* [Task prompt]: With any pictures left out, restate word for word the lines in the listing below from the one holding "The credenza presents" through the last.

* [Provided data]:
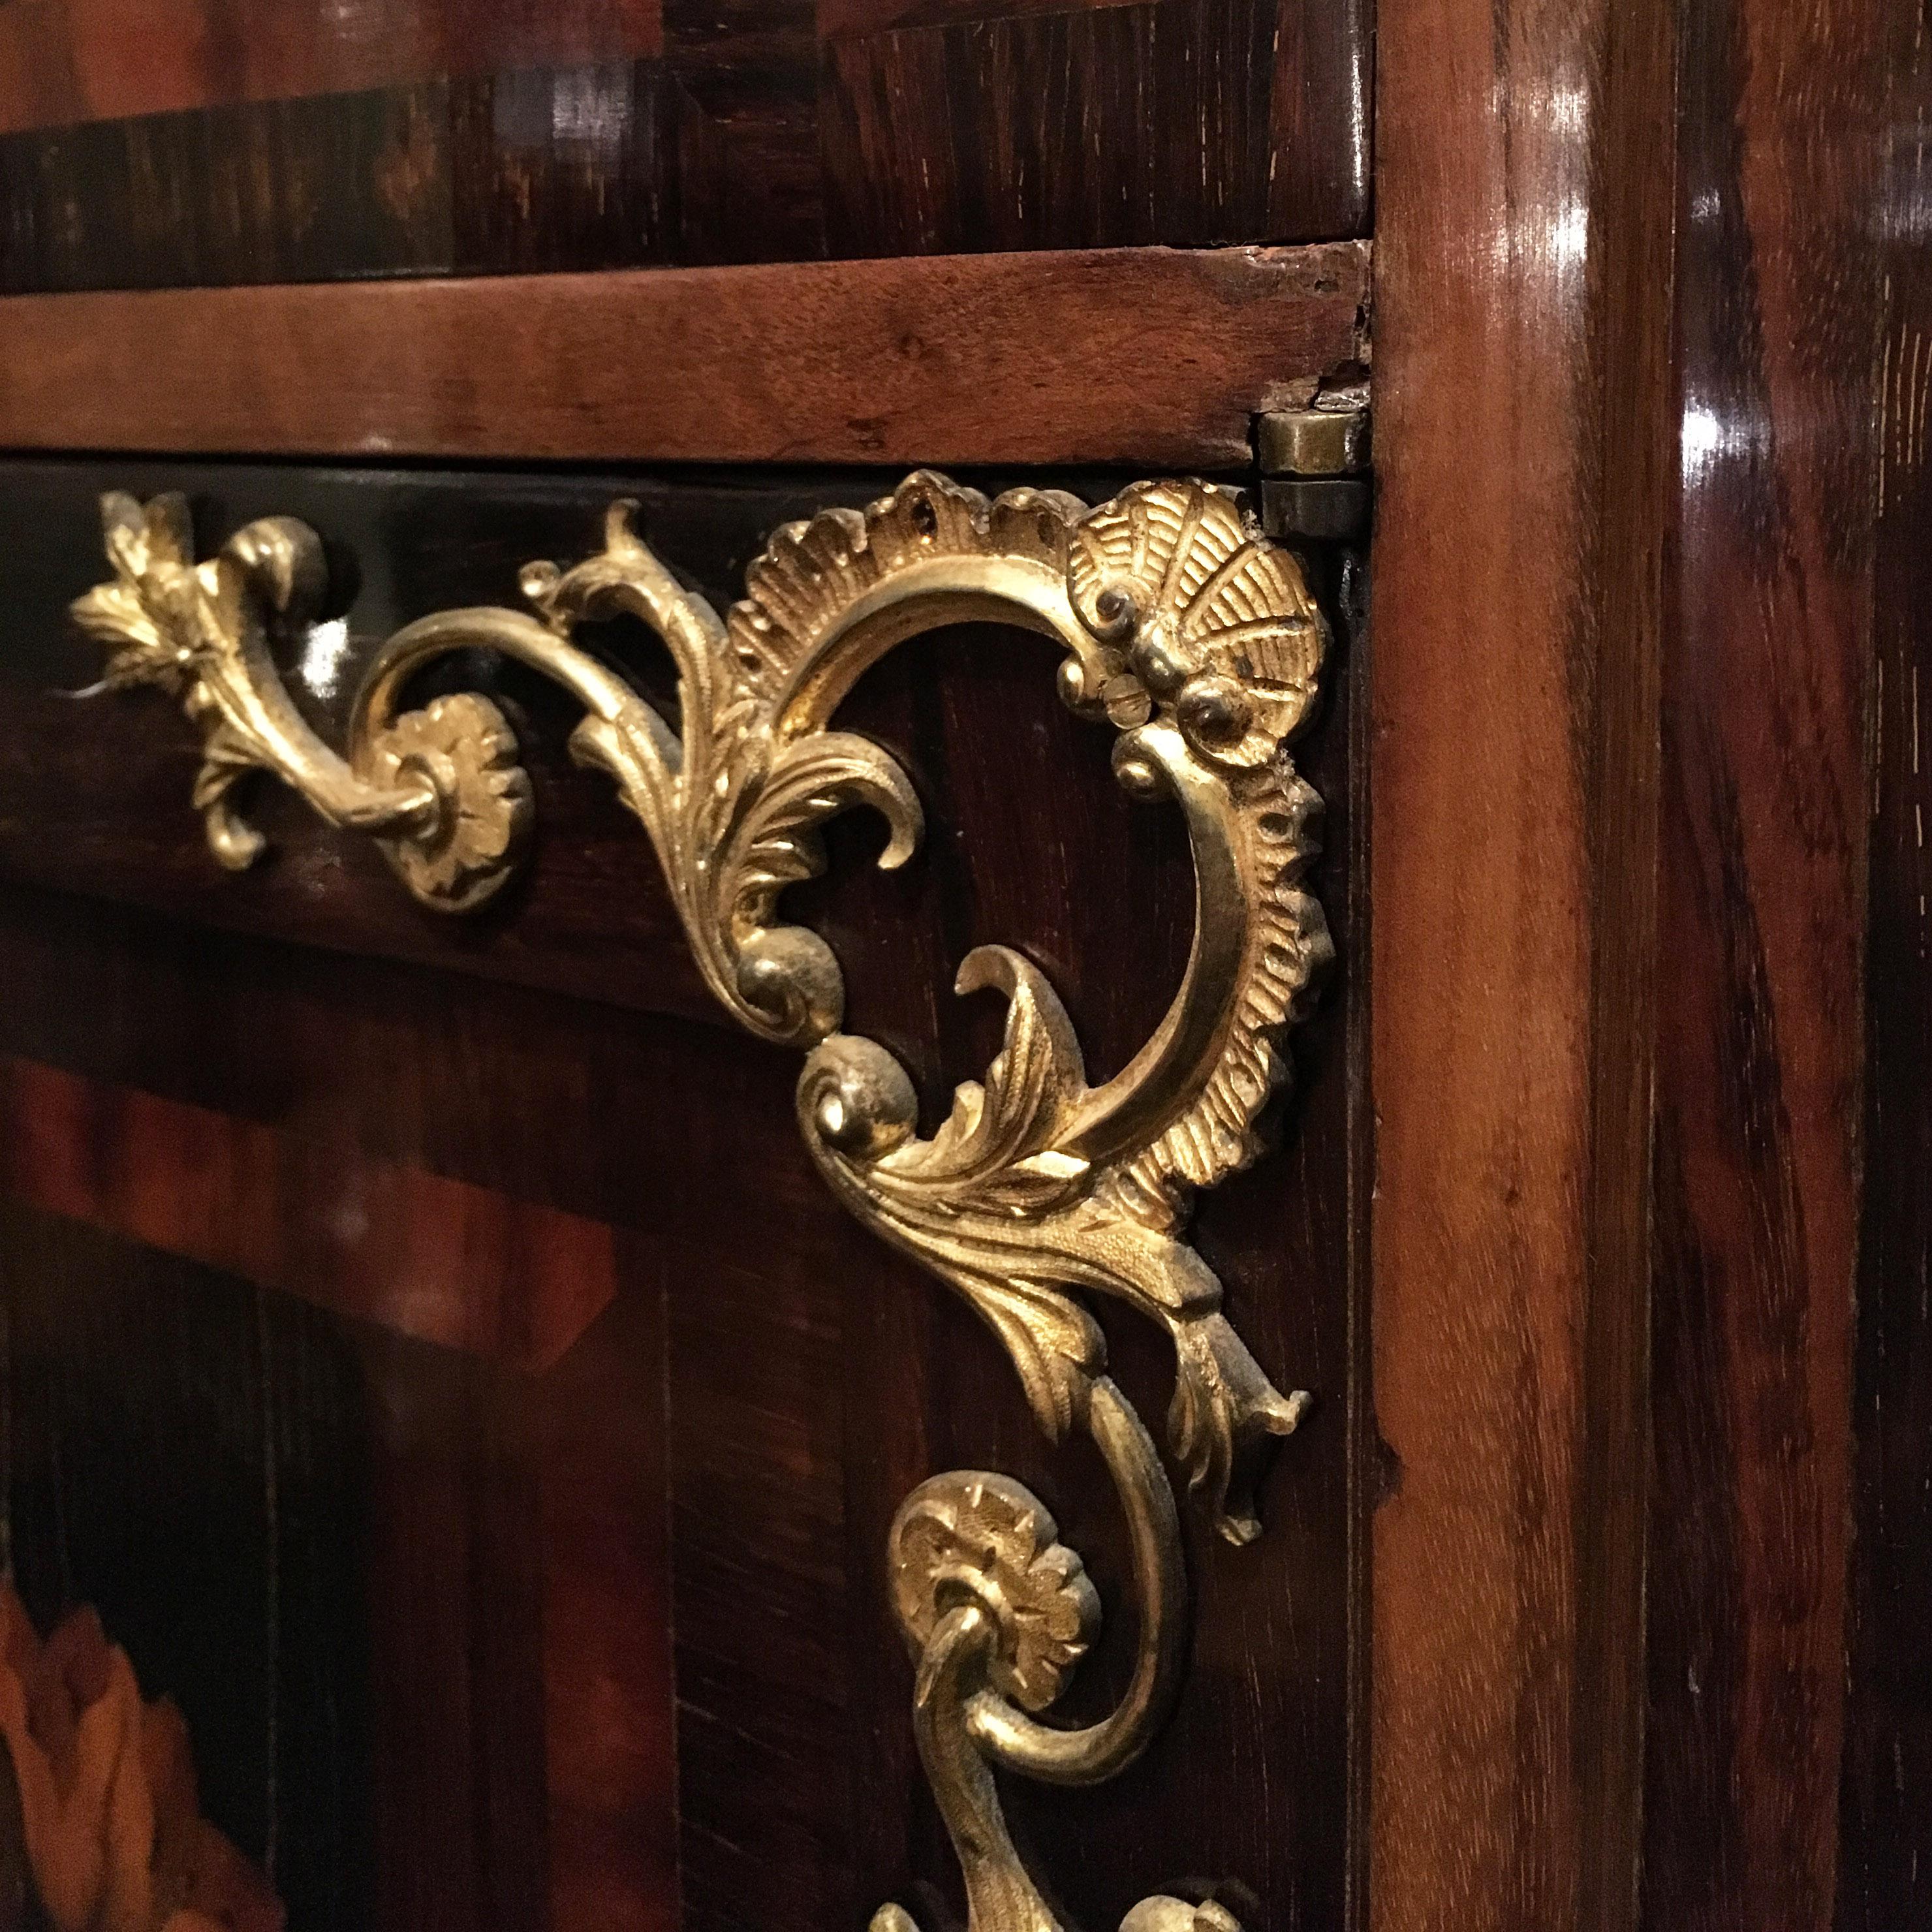 An elegant French Napoleon III credenza in rosewood, palisander and walnut wood.
The credenza presents one door and two drawers, one on the top and the other one on the bottom of the piece, beautiful ormolu mountings and a red marble top.
France,
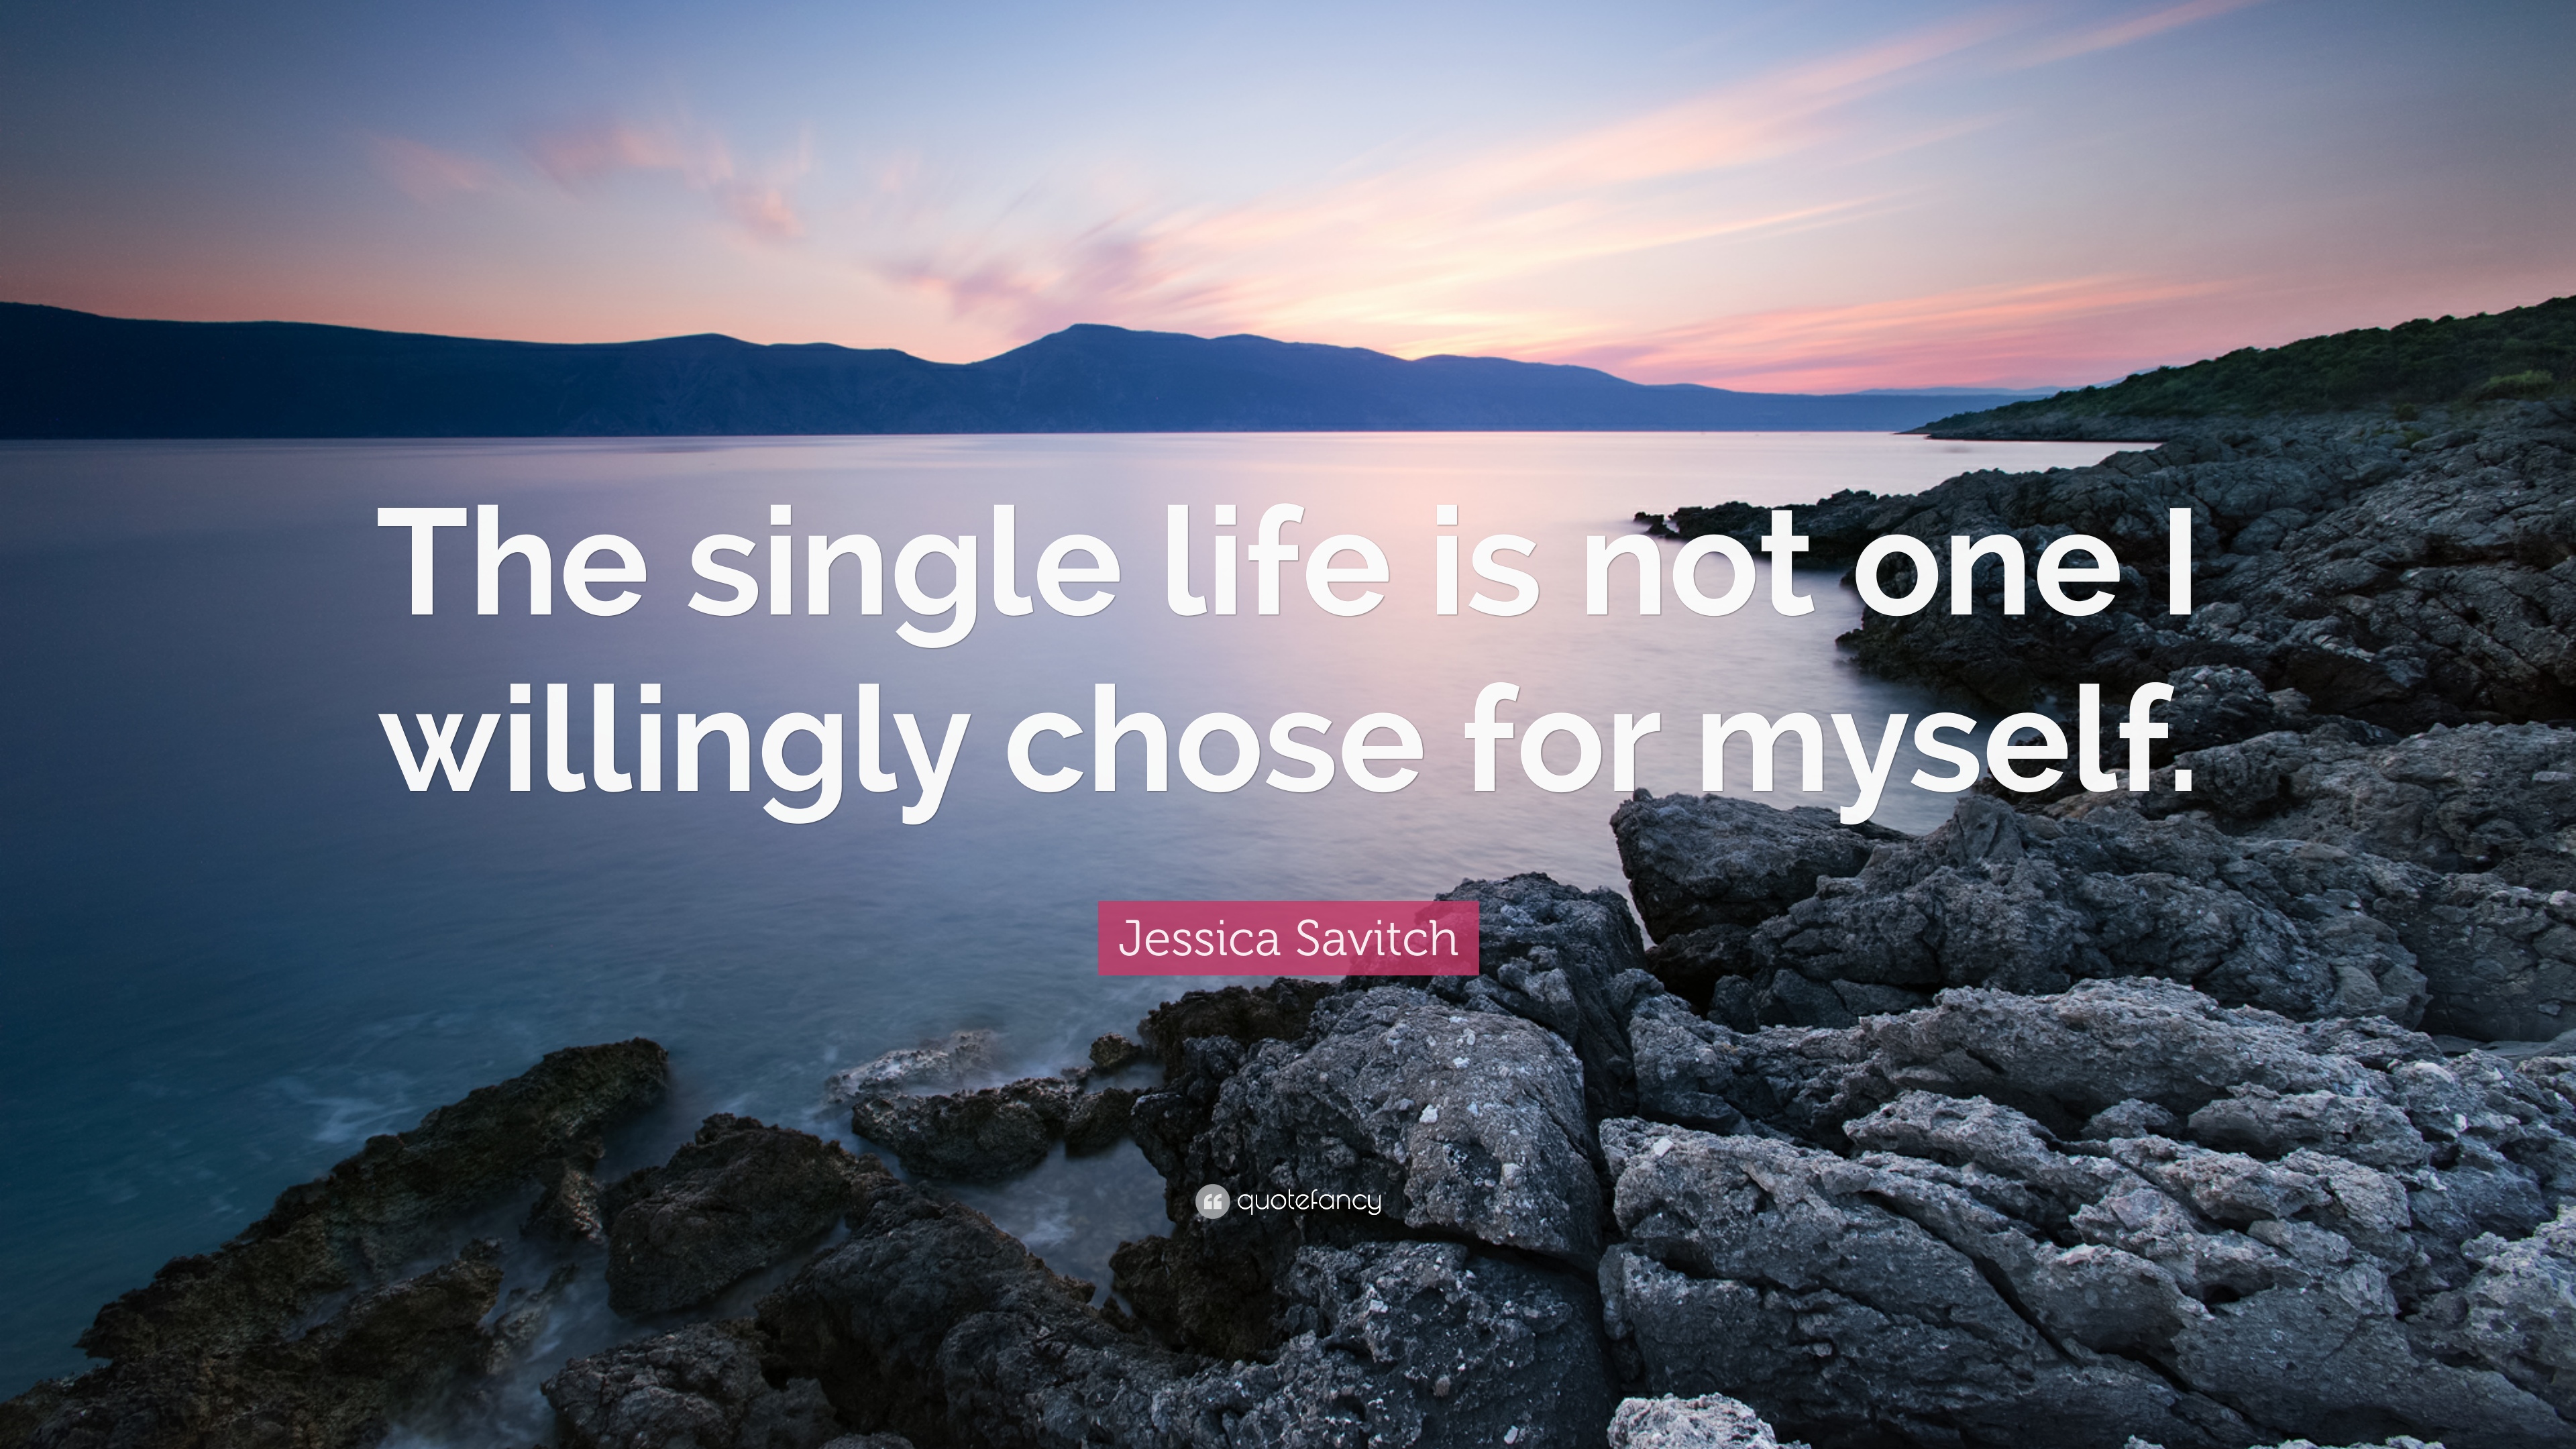 Jessica Savitch Quote: “The single life is not one I

* [Result of the exercise]:
The credenza presents one door and two drawers, one on the top and the other one on the bottom of the piece, beautiful ormolu mountings and a red marble top.
France,
 Jessica Savitch Quote: “The single life is not one I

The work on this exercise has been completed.